INFORMATION SHOWN:
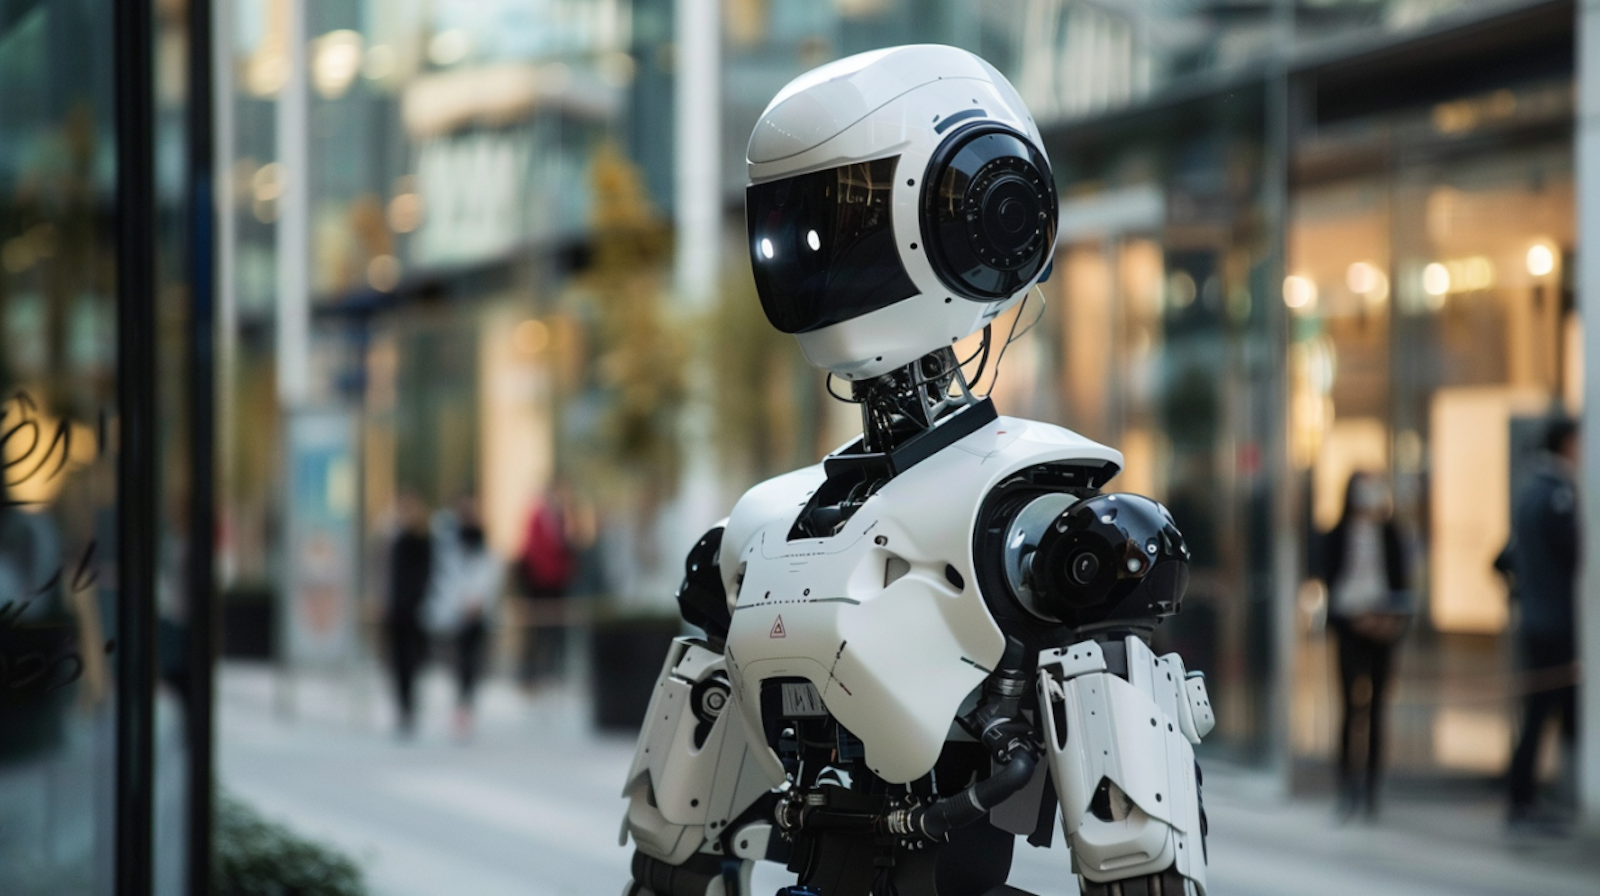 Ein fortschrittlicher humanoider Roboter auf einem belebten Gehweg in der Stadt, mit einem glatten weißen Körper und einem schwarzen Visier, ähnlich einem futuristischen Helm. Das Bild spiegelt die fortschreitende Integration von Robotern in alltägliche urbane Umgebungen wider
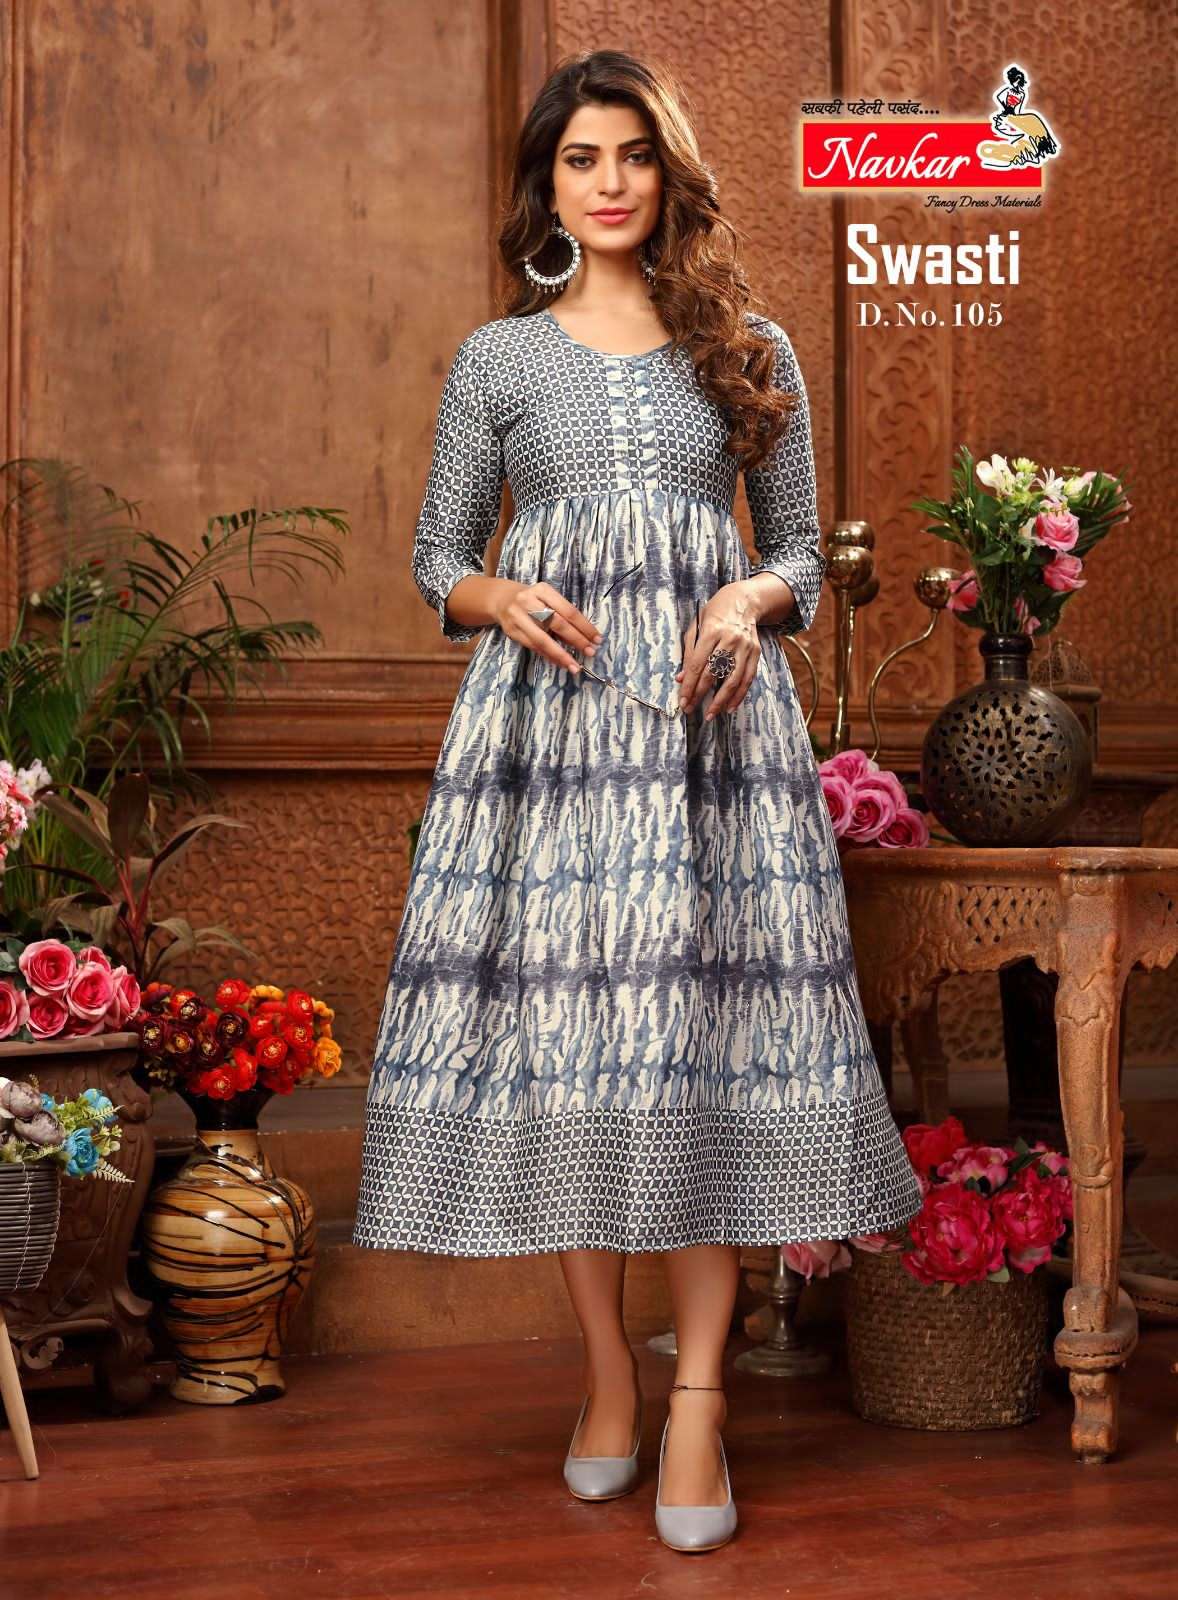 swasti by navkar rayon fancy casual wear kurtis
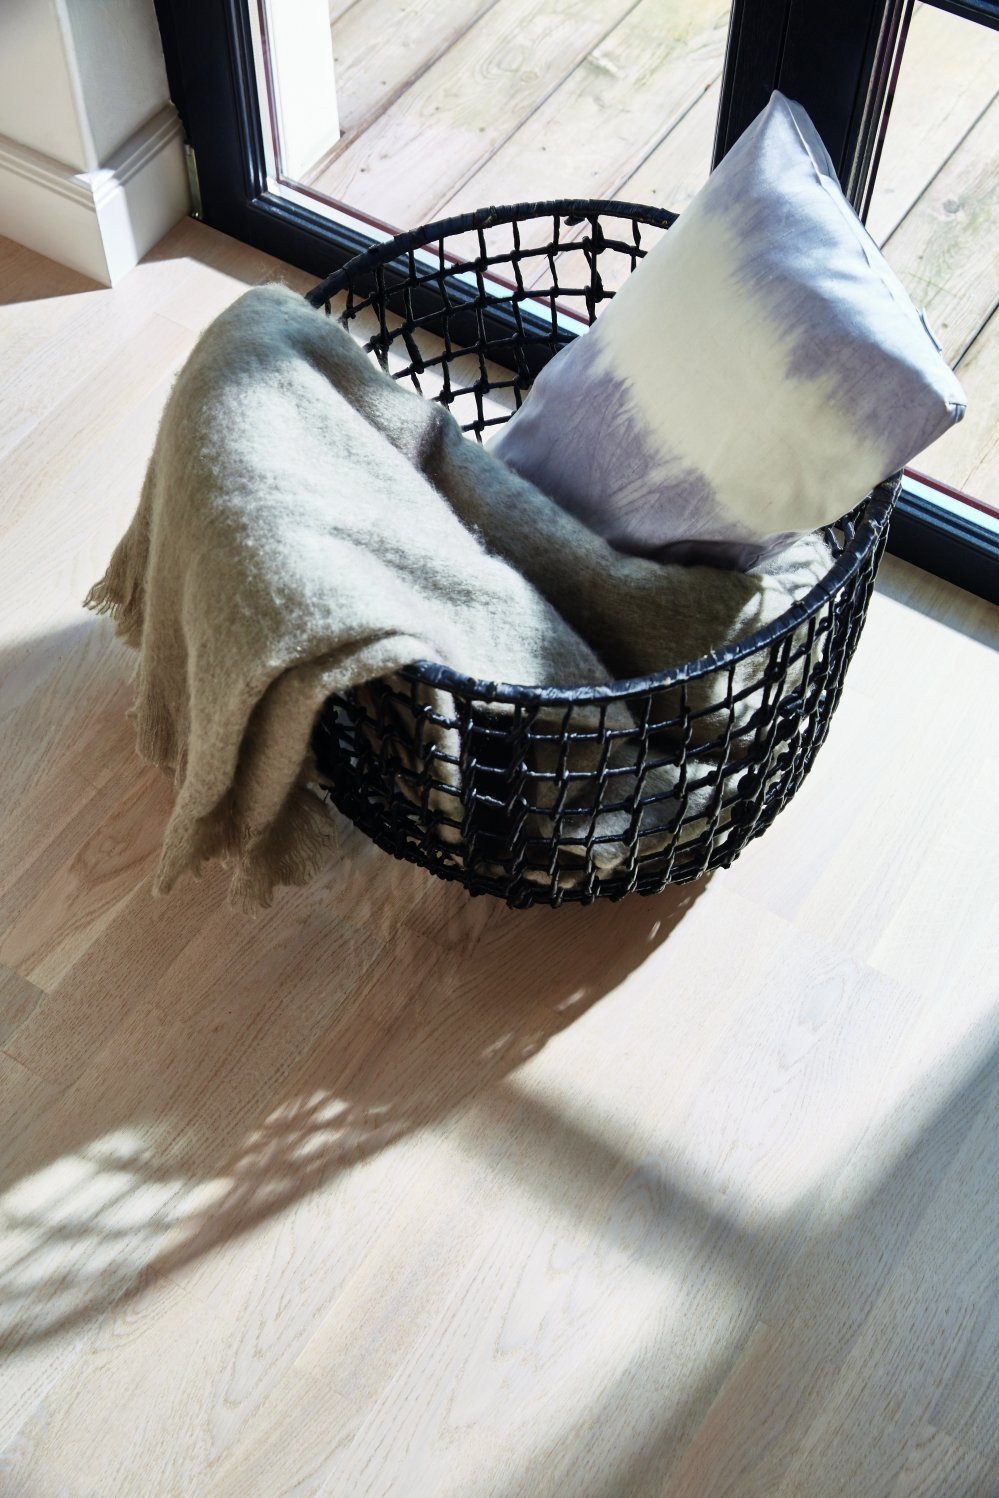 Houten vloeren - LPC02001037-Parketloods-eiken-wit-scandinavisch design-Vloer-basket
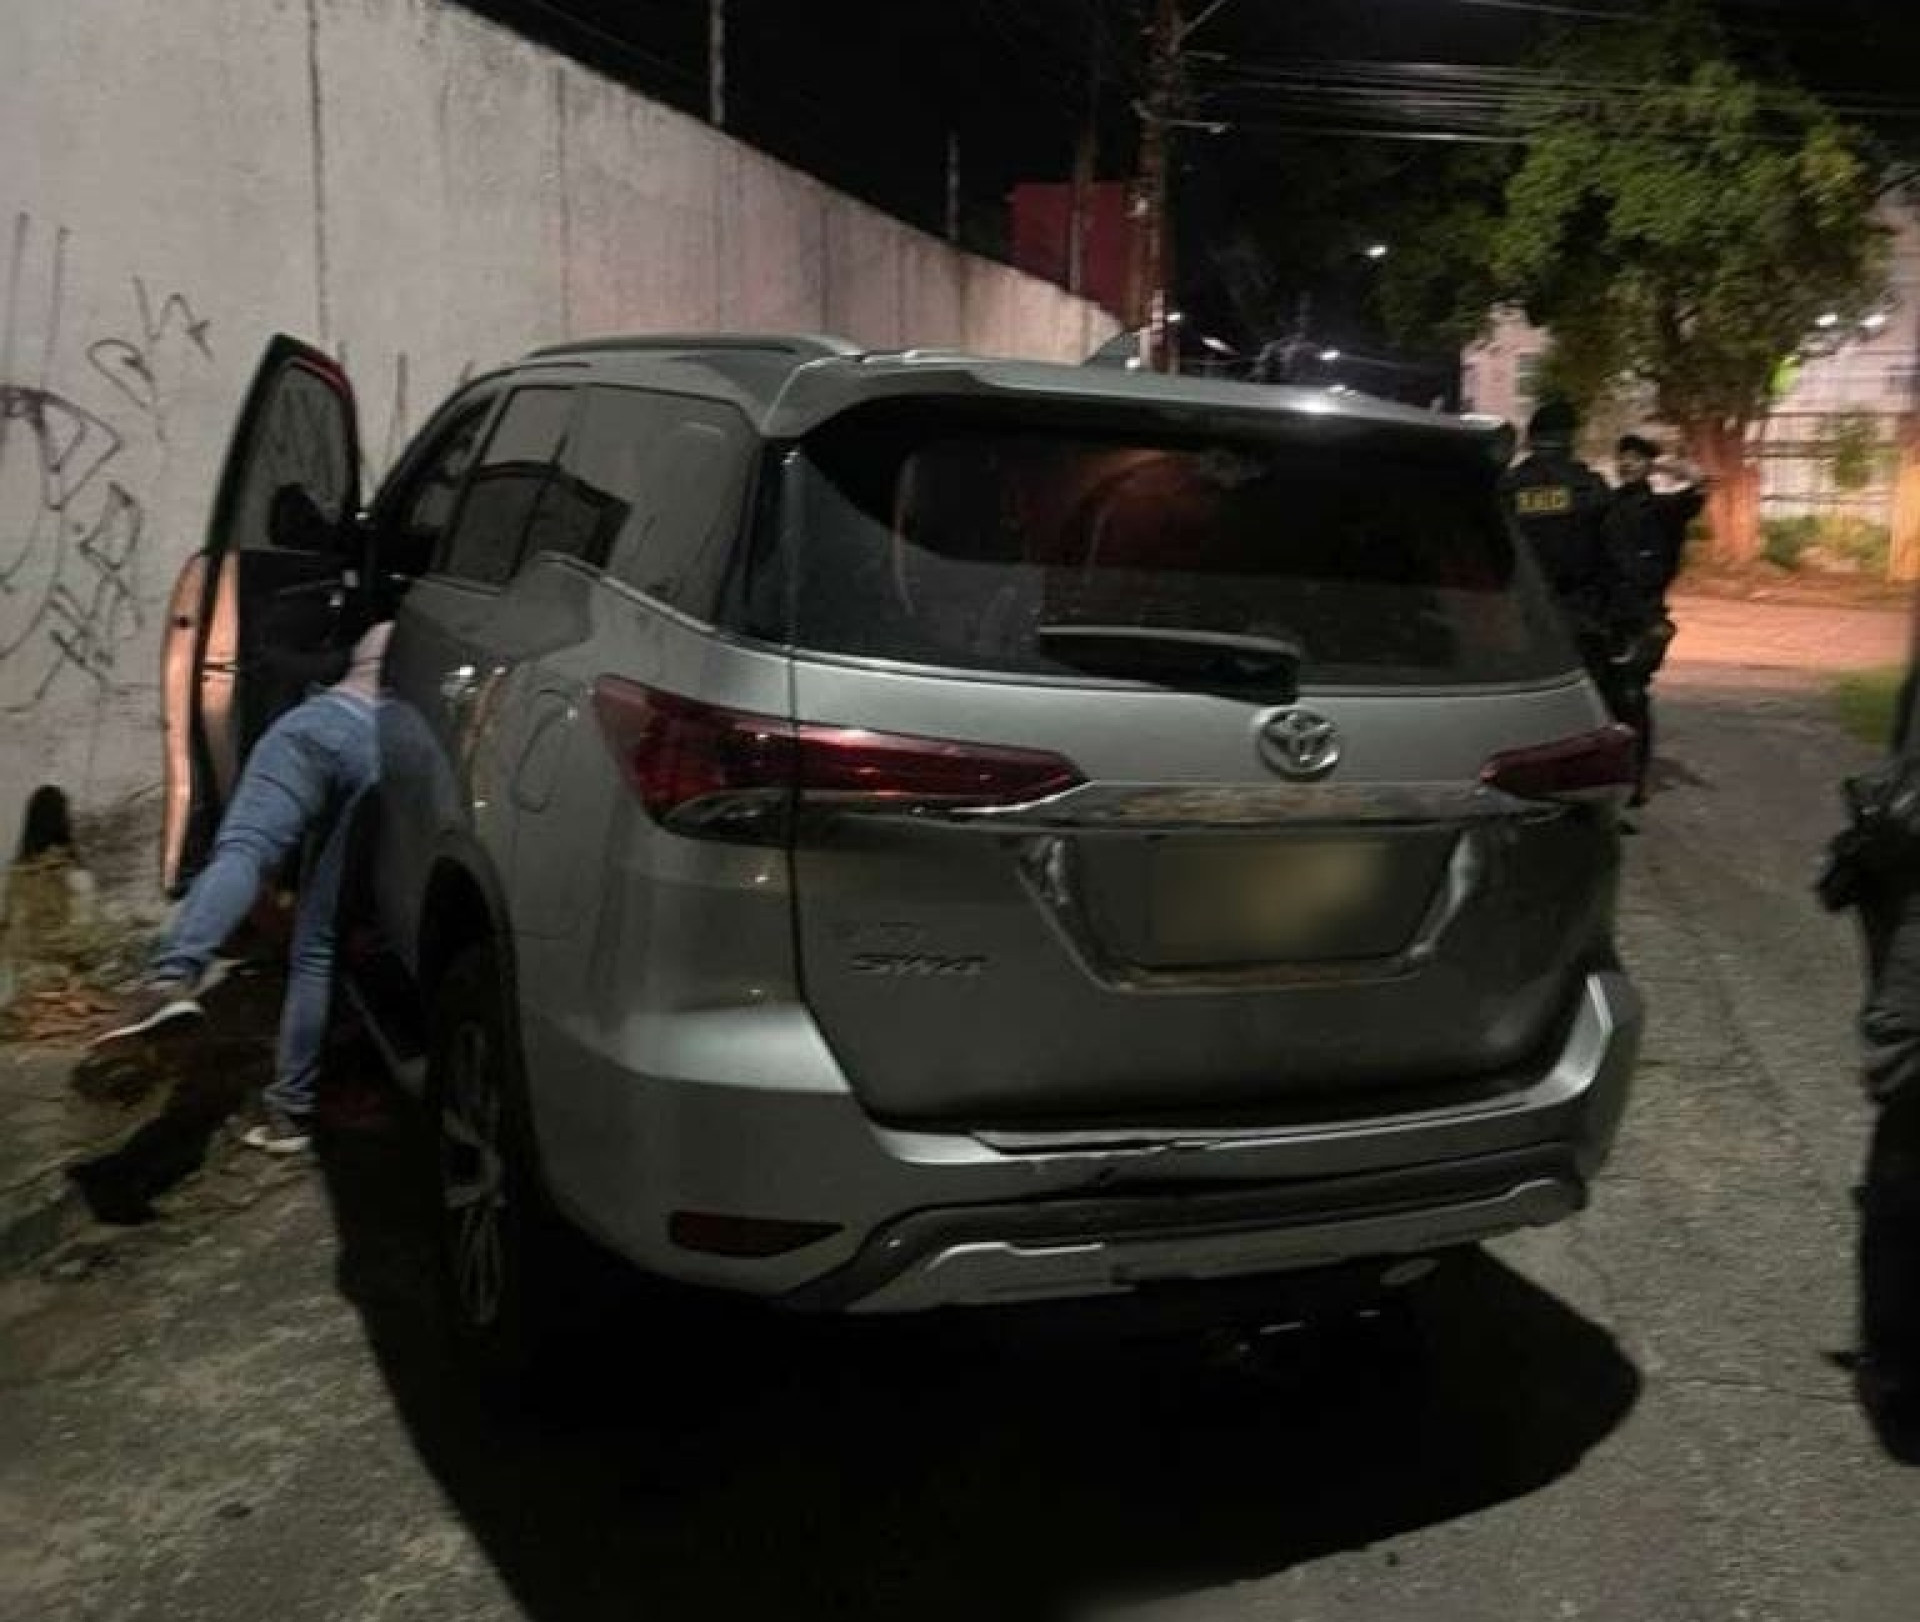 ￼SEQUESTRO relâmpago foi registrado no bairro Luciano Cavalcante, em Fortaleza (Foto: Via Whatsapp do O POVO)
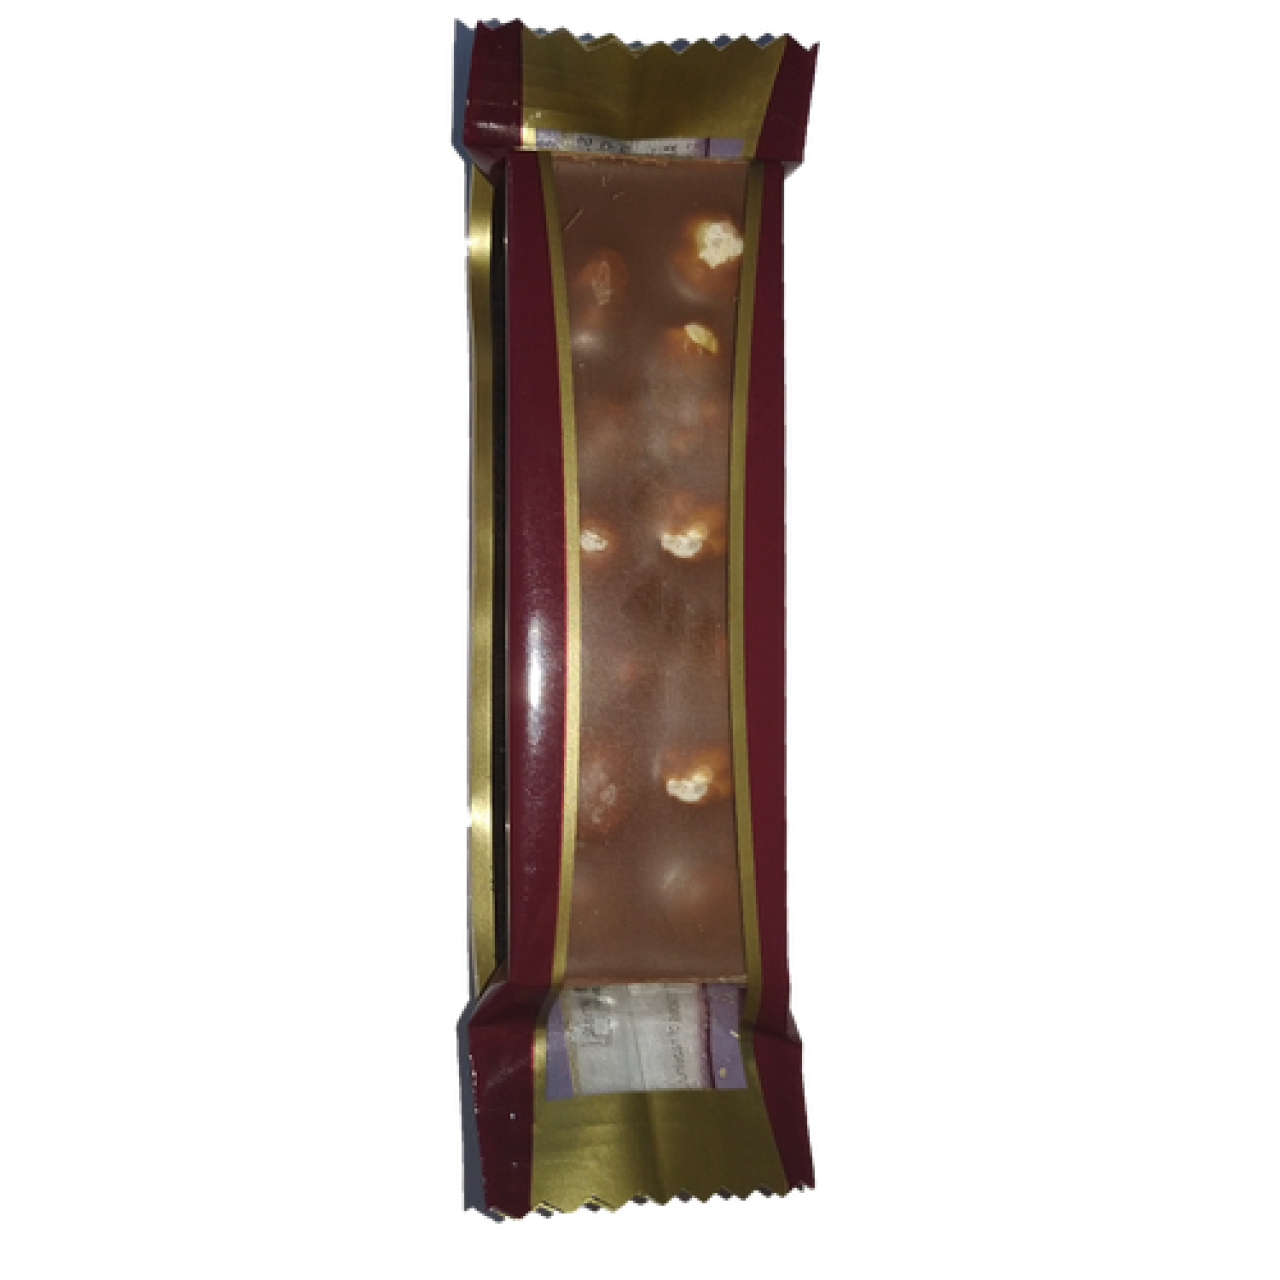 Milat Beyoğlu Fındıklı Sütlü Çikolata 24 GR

YOUR INSTRUCTIONS: Since the copy must contain no pictures, return only the text of the records, exactly as it stands.

TASK SOLUTION:
 Ein fortschrittlicher humanoider Roboter auf einem belebten Gehweg in der Stadt, mit einem glatten weißen Körper und einem schwarzen Visier, ähnlich einem futuristischen Helm. Das Bild spiegelt die fortschreitende Integration von Robotern in alltägliche urbane Umgebungen wider
 swasti by navkar rayon fancy casual wear kurtis
 Houten vloeren - LPC02001037-Parketloods-eiken-wit-scandinavisch design-Vloer-basket
 SEQUESTRO relâmpago foi registrado no bairro Luciano Cavalcante, em Fortaleza (Foto: Via Whatsapp do O POVO)
 Milat Beyoğlu Fındıklı Sütlü Çikolata 24 GR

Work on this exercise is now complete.